Exercise 1

  • Print the 6 first lines of the R-built-in data.frame trees

  • Print only the column names

  • What is the dimension of trees?

  • Plot the trees height and volume as a function of their girth in two different graphs. Make sure the axis labels are clear

  • In each graph, add a red dashed line corresponding to the relevant correlation that you observe (average value, linear correlation…)

  • Explain your choice and write the corresponding values (average value and standard deviation, or slope, intercept and corresponding errors). Round the values to 2 decimals.


Exercise 2

  • Print the 3 first lines of the R-built-in data.frame USArrests. This data set contains statistics about violent crime rates by US state. The numbers are given per 100 000 inhabitants, except for UrbanPop which is a percentage.

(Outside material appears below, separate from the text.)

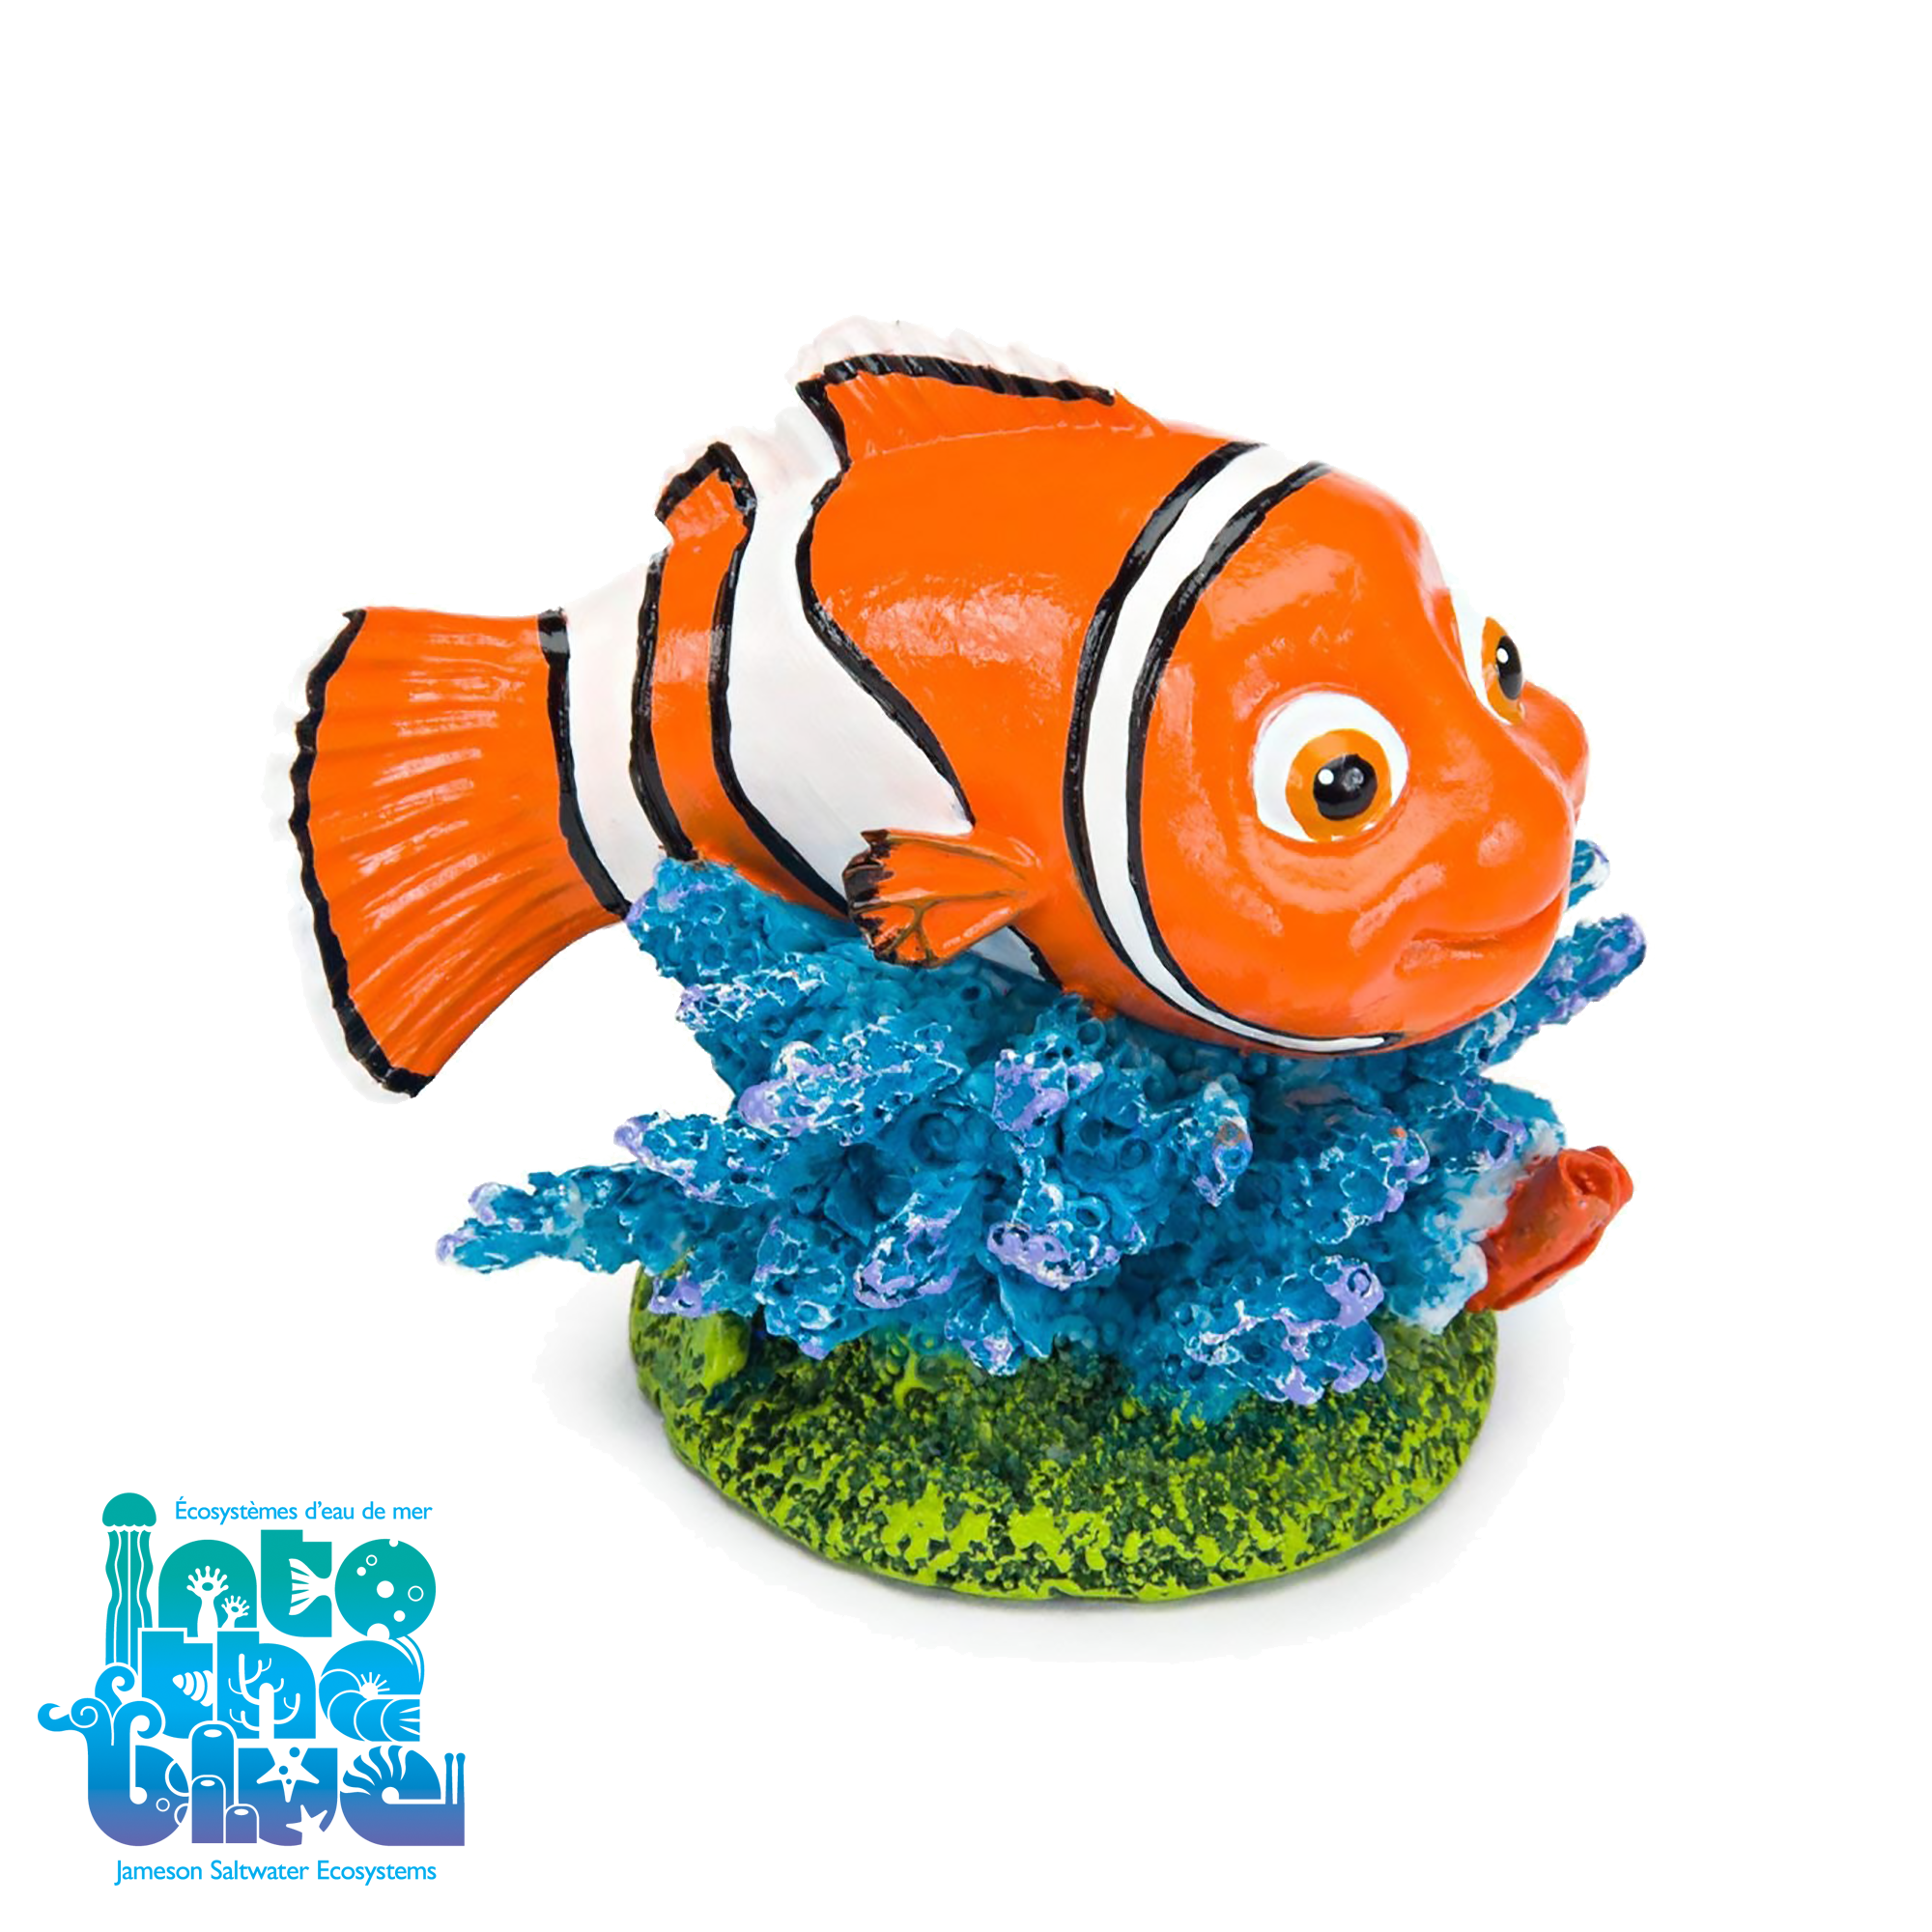 Penn-Plax - Aquarium Decor | Pixar - Finding Nemo | Nemo

  • What is the average murder rate in the whole country?

  • What is the state with the highest assault rate?

  • Create a subset of USArrests gathering the data for states with an urban population above (including) 80%.

  • How many states does that correspond to?

  • Within these states, what is the state with the smallest rape rate?

  • Print this subset ordered by decreasing urban population.

  • Print this subset ordered by decreasing urban population and increasing murder rate.

  • Plot an histogram of the percentage of urban population with a binning of 5%. Add a vertical red line marking the average value. Make sure the x axis shows the [0,100] range.

  • Is there a correlation between the percentage of urban population and the various violent crime rates? argument your answer with plots.